The way this works is that the control plane is not responsible for deciding that a particular service host should provision or participate. This knowledge is solely held by the service hosts. Does it have capacity? Does the resource provider know about the tenant ID for data migration? Is it responsible for managing the data for that tenant? Is it aware of the processors that are described in the workplan? All of that information is known locally in the data plane hosts. So, whenever a workplan request is submitted on the control plane event topic, the resource provider evaluates the workplan and sees that the workplan is in auctioning phase and evaluates whether it can participate in the workplan. If yes, it sends a positive bid back to the control plane through the data plane event topic. Let’s walk through an example as shown in the next diagram.

In the above example, a work plan is created using a parallelism of 4. It requires a source of type sourceB, transform of type transE, and a sink of type sinkY with their configured min and max workers. Please note that there is no inherent benefit in defining max worker count which is more than the configured parallelism due to the way Kafka consumers work in a consumer group. This article explains it further, but the important section is this:

Let’s say we have 5 consumers in the consumer group which is more than the number of partitions of the TopicT1, then every consumer would be assigned a single partition and the remaining consumer (Consumer5) would be left idle.

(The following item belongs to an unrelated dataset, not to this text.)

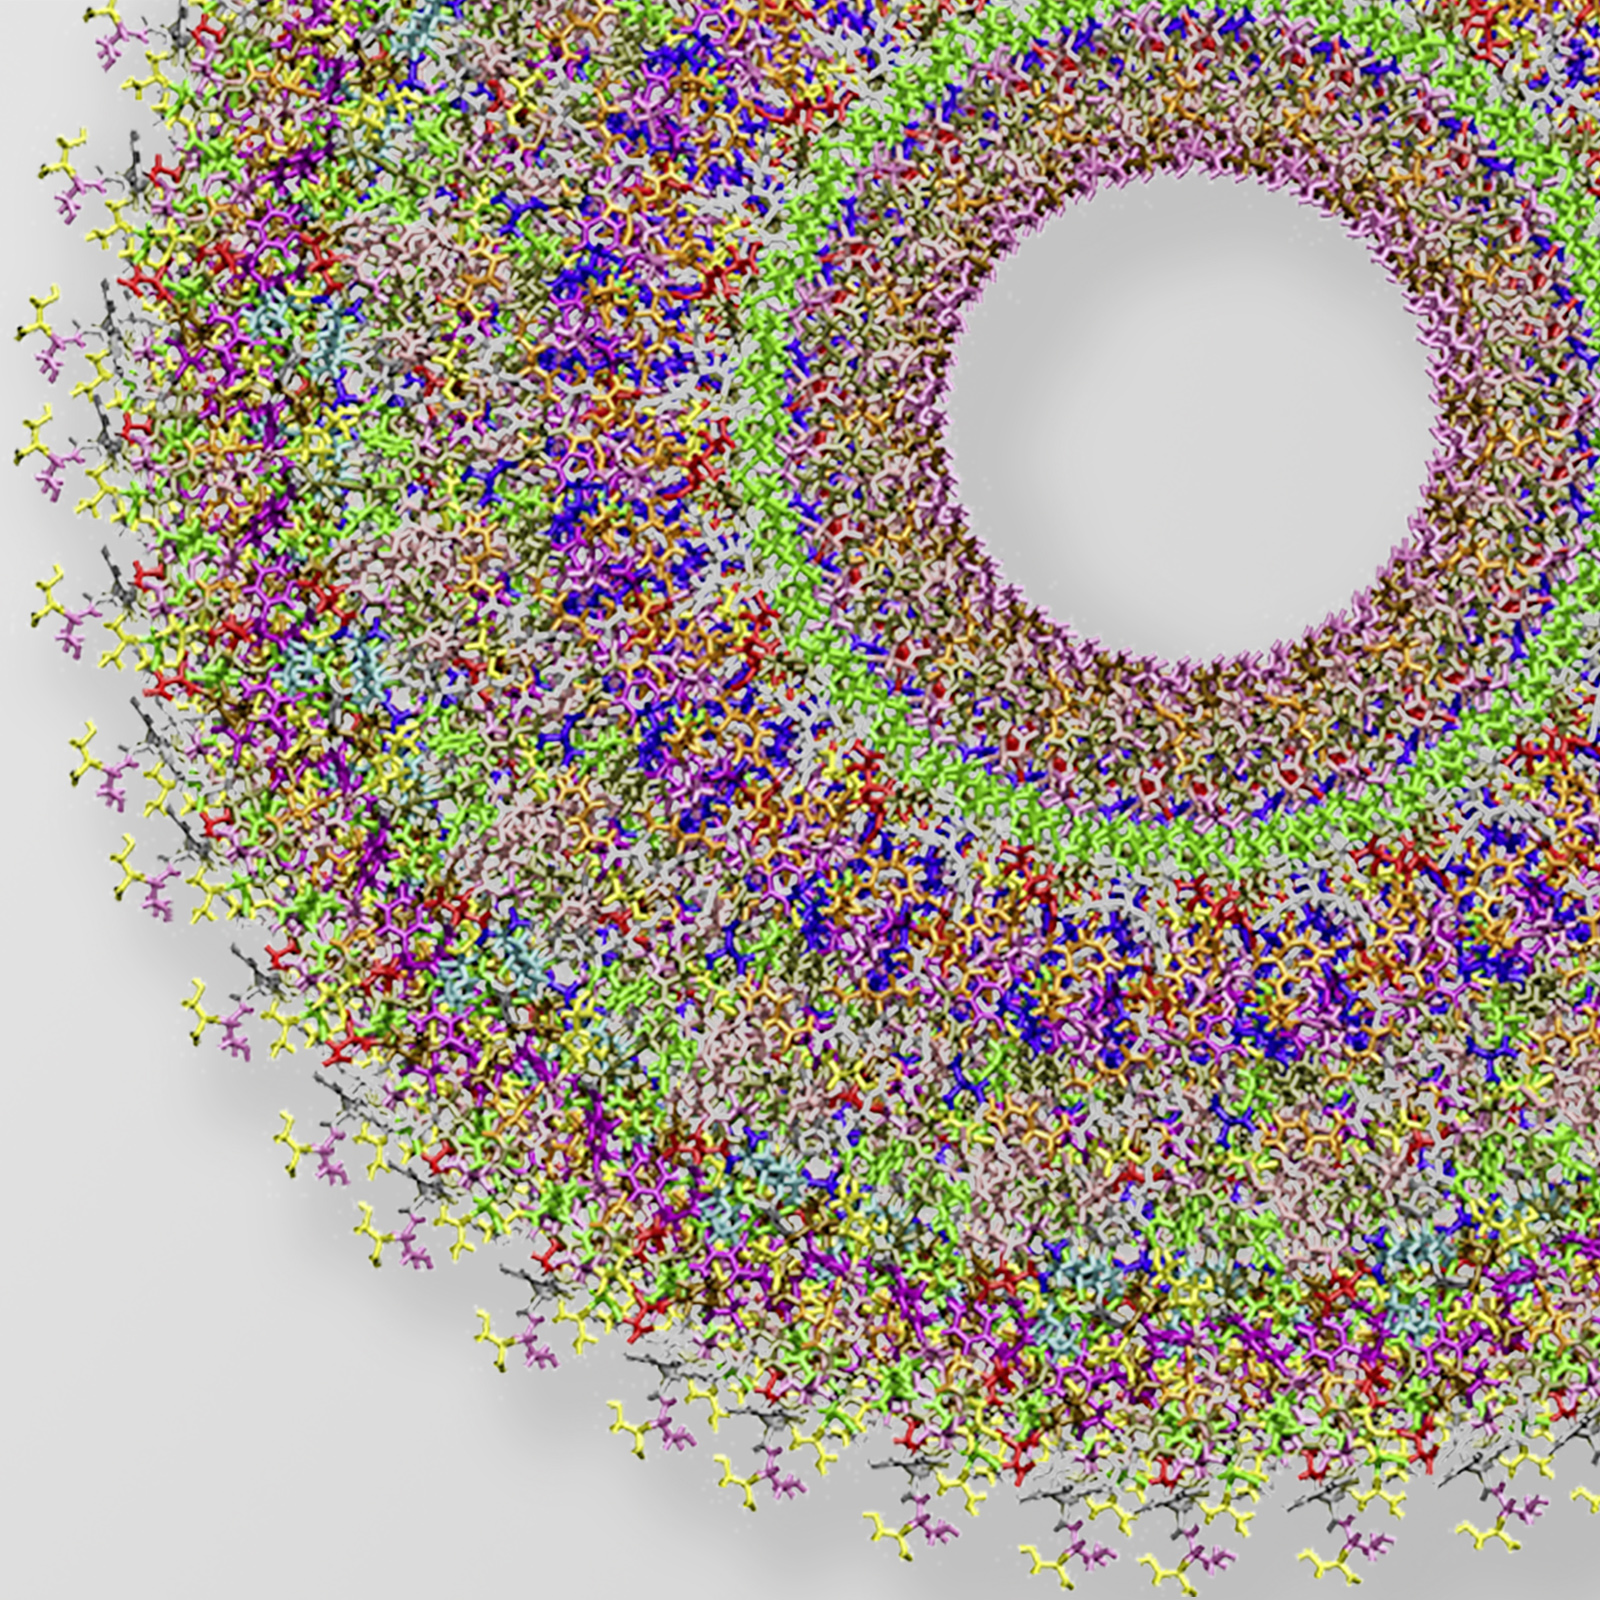 Auch winzige Objekte lassen sich detailiert abbilden: Hier das atomistische Modell des Tabakmosaikvirus. Das röhrenförmige Virus ist ca. 300 nm lang und 18 nm im Durchmesser.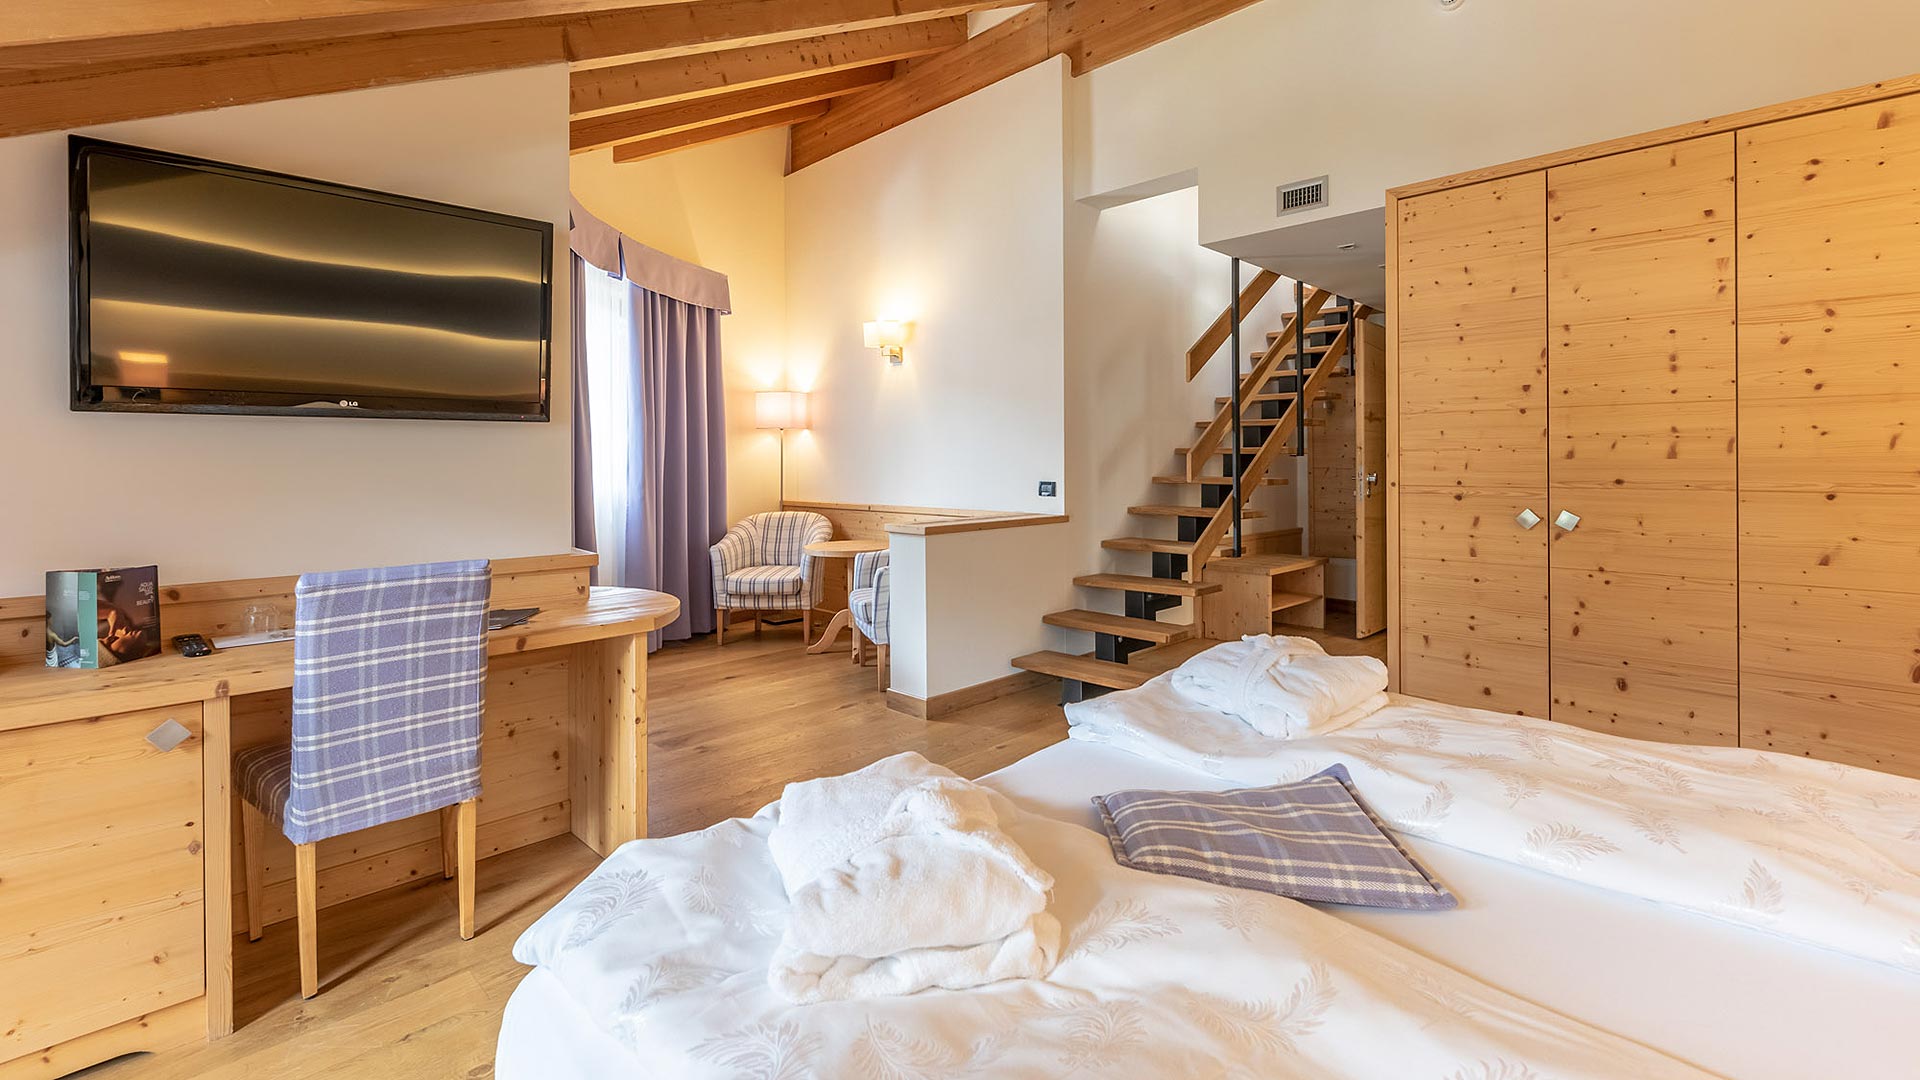 Se siete alla ricerca di un posto accogliente, dove dormire in Val di Sole durante il vostro soggiorno, venite a scoprire le nostre camere

This scenario can be depicted by the picture below:

Coming back to the workplan auctioning diagram, on the right side we can see multiple resource provider instances of each processor type: a few hosts hosting sourceA, a few hosting sourceB, and so on. When the control plane puts the workplan 001-002 into the control plane event topic in the auctioning status, all the resource providers get this event. However, only the resource providers that can participate in this workplan (marked in red) send a positive bid back to the control plane. The resource provider’s eligibility to participate in a workplan is determined by various factors:

• Does this resource provider understand the processors defined in the workplan spec?
• Does this resource provider have the capacity to take on more work?
• Is this resource provider part of the shard that handles the tenant’s data?

After the auction window closes, the control plane aggregates all the positive bid events for this workplan and adds them to the list of bidders in the workplan. At the moment, these bids are just an indication and not a commitment from the resource providers.

Many resources can bid for a workplan, whereas only a few may be required to run the workplan. The control plane may receive two source bids but only needs one resource to run a workplan, for example. The control plane then reconciles the bids and chooses the winning bidders depending on their individual capacities. After obtaining a sufficient number of winning bidders, the control plane then adds these processors in the resources section of the workplan. The provisioned flag is set to false as the resources are not provisioned yet.

But before we actually provision anything, we need topics. So, the control plane then moves the workplan into topic provisioning status where the workplan topics are created.

The control plane’s topic management module then communicates with the Kafka cluster to create work plan specific topics, as shown in the above diagram, and adds them to the topics section of the work plan. At this point, any processor will be free to subscribe to or publish to these topics as they exist now. This is what happens in the resource provisioning phase.

We can see that in each of the service hosts that won the bidding process, they’ve now provisioned an instance of the appropriate stream processor and the provisioned flag for these resources is set to true. Since we have now acquired all the resources required for this work plan, we can start running this work plan. If any of the above phases fail to acquire a sufficient number of resources, the work plan will be retried again after some delay, as defined in the deploy section of the work plan spec.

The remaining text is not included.